Information shown ::
__________
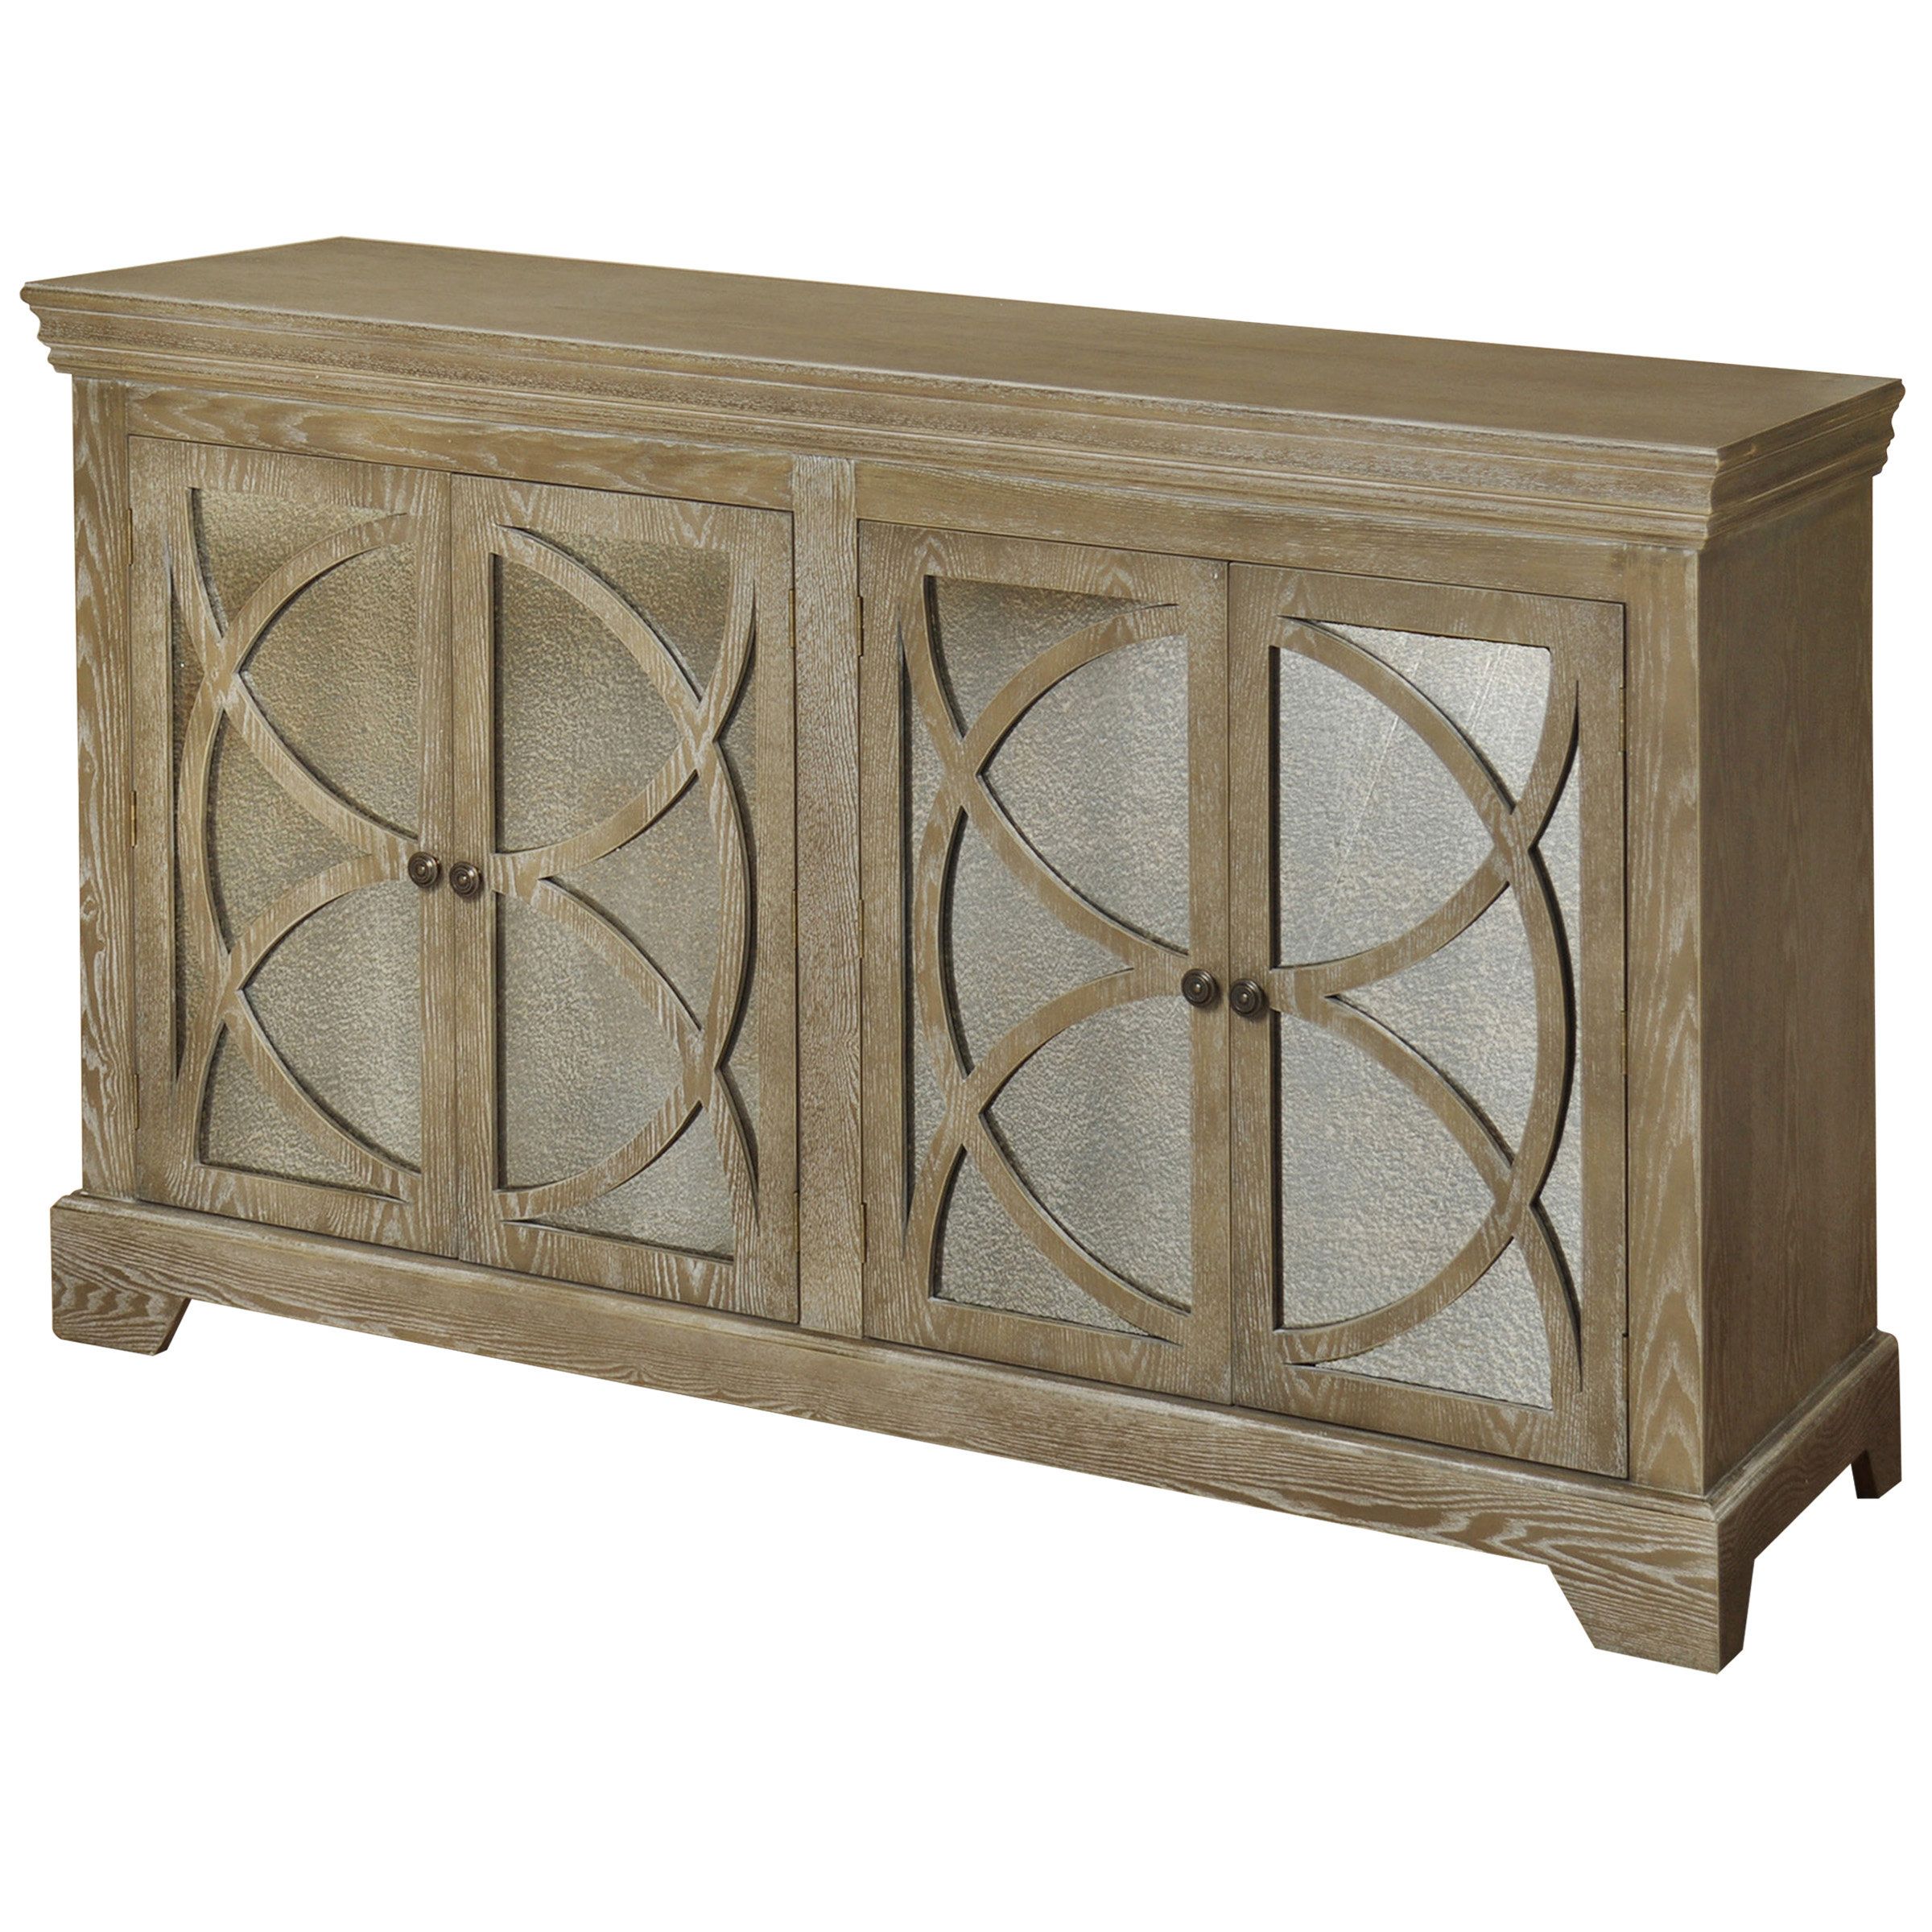 60 Inch Credenza | Wayfair In Most Current Caines Credenzas (View 17 of 20)
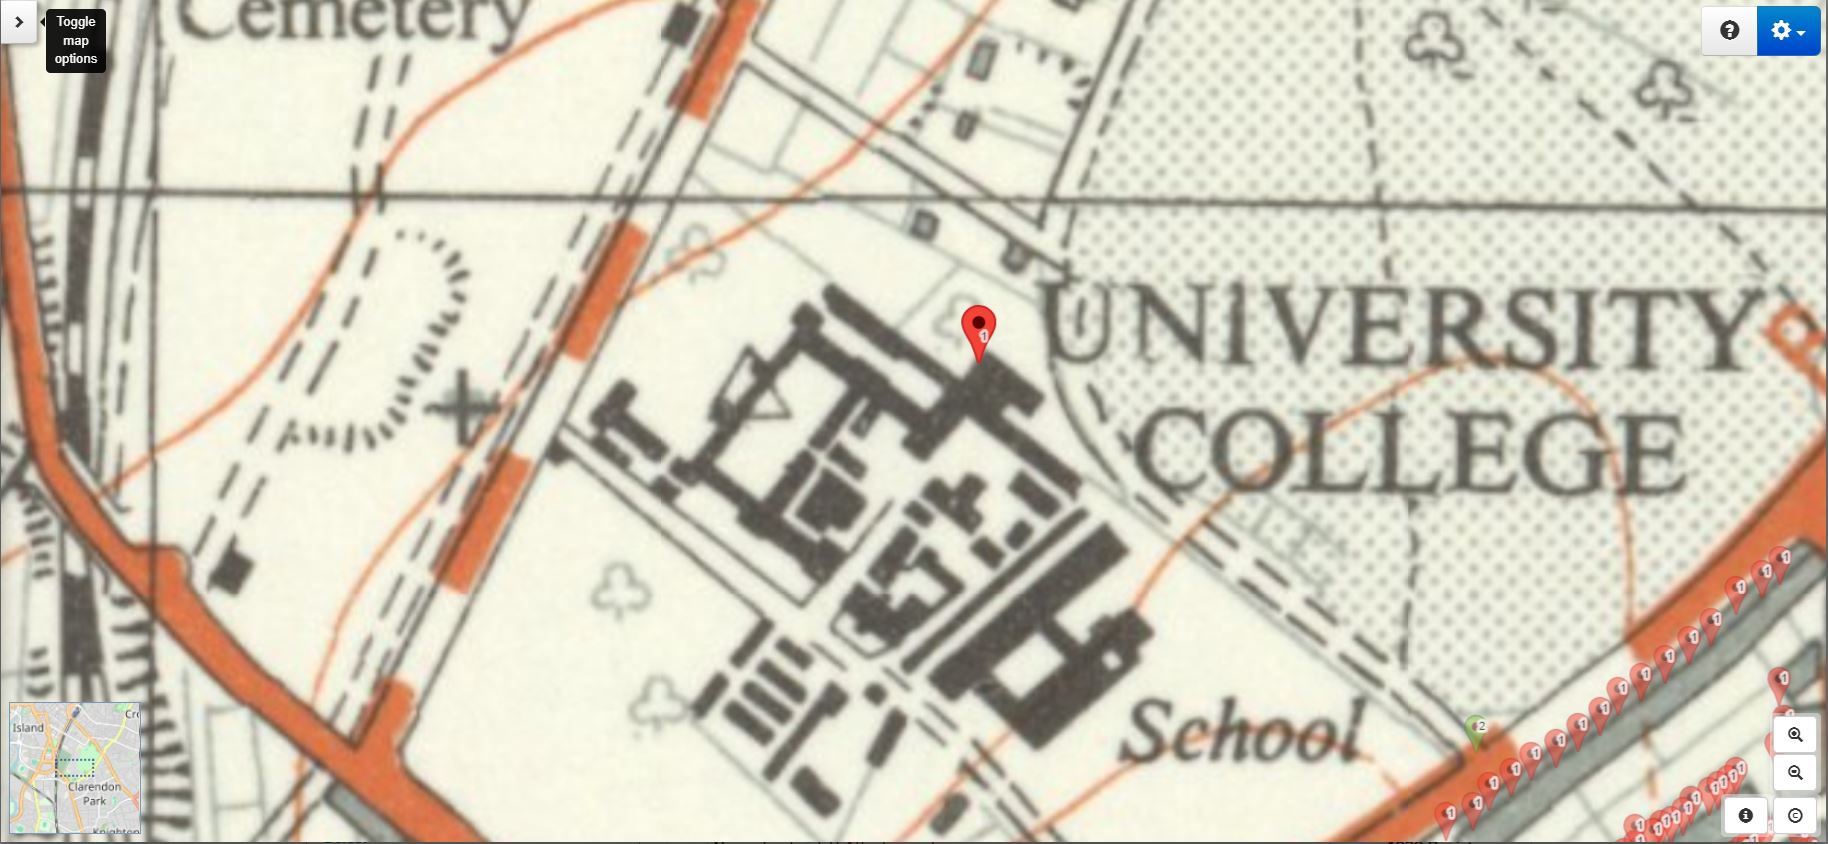 University College shown on the 1937-1961 OS Map on Map Explorer™
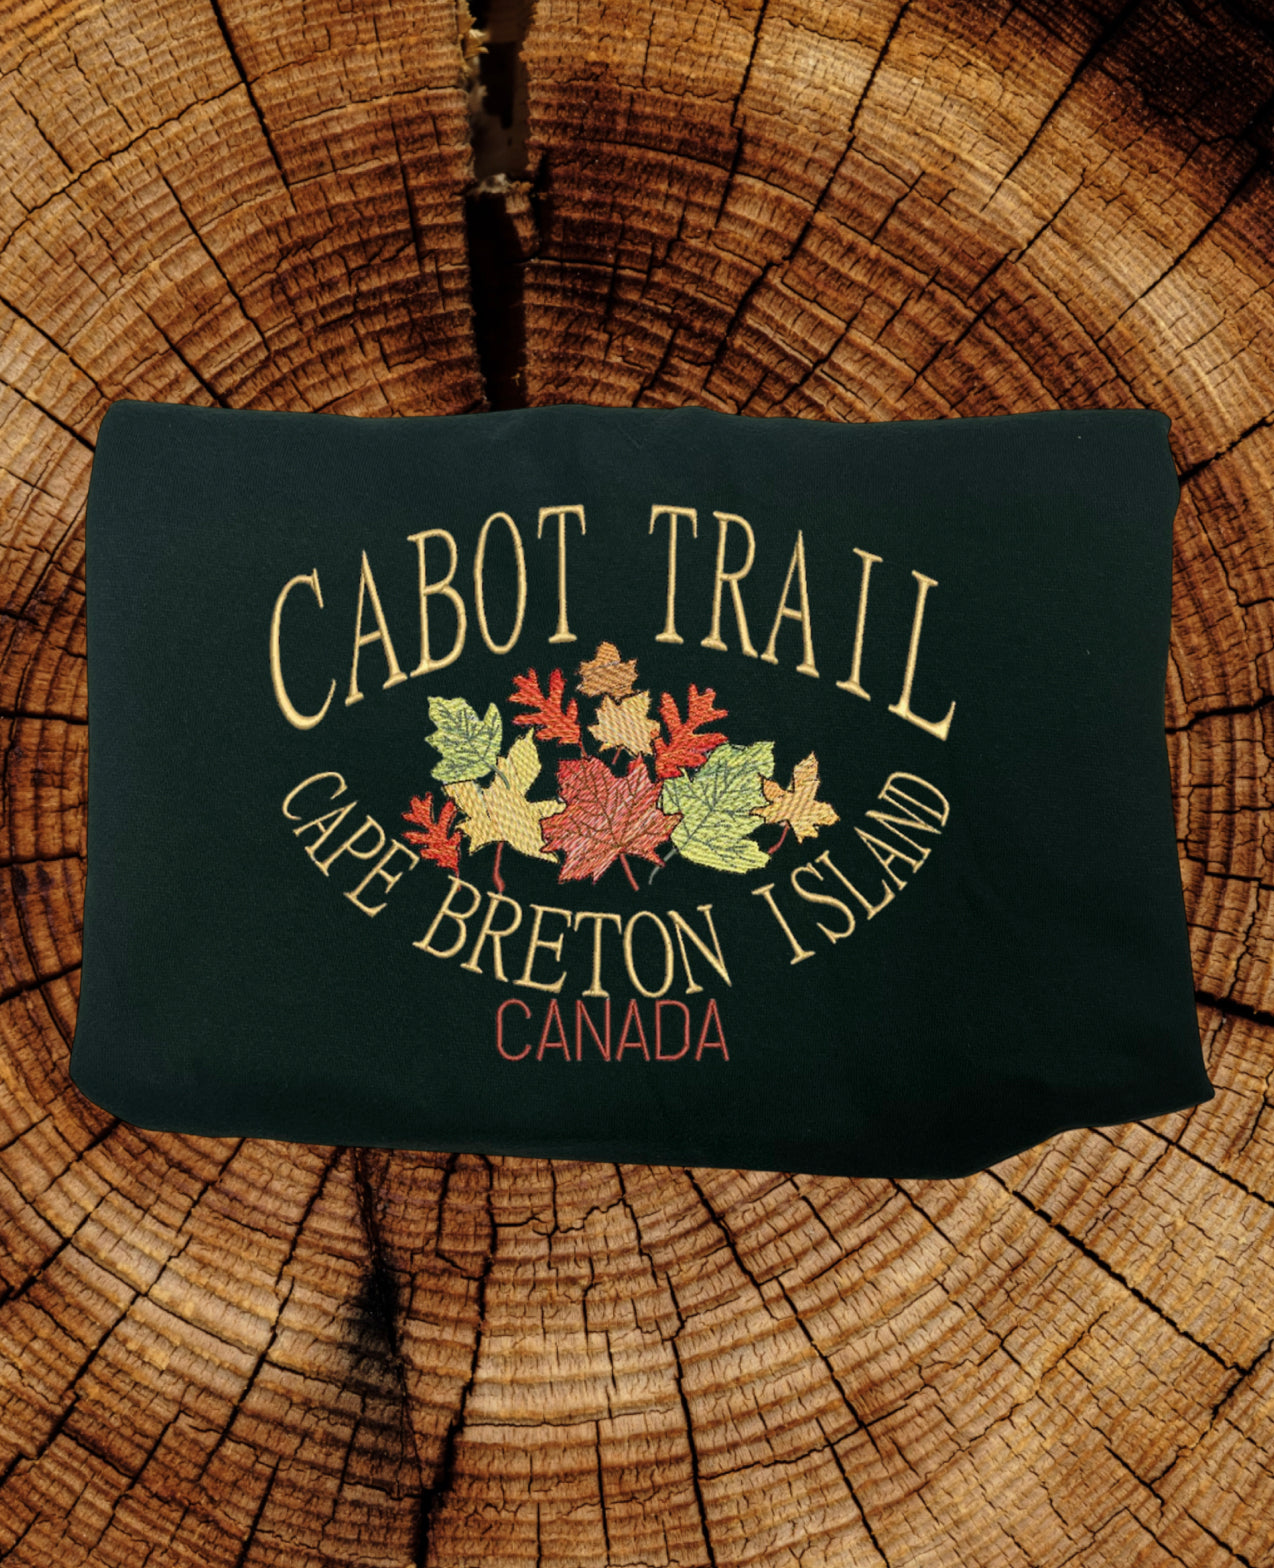 PRE-ORDER CABOT TRAIL
__________
Output the full material exactly as given, without its pictures.

Exercise response ::
 60 Inch Credenza | Wayfair In Most Current Caines Credenzas (View 17 of 20)
 University College shown on the 1937-1961 OS Map on Map Explorer™
 PRE-ORDER CABOT TRAIL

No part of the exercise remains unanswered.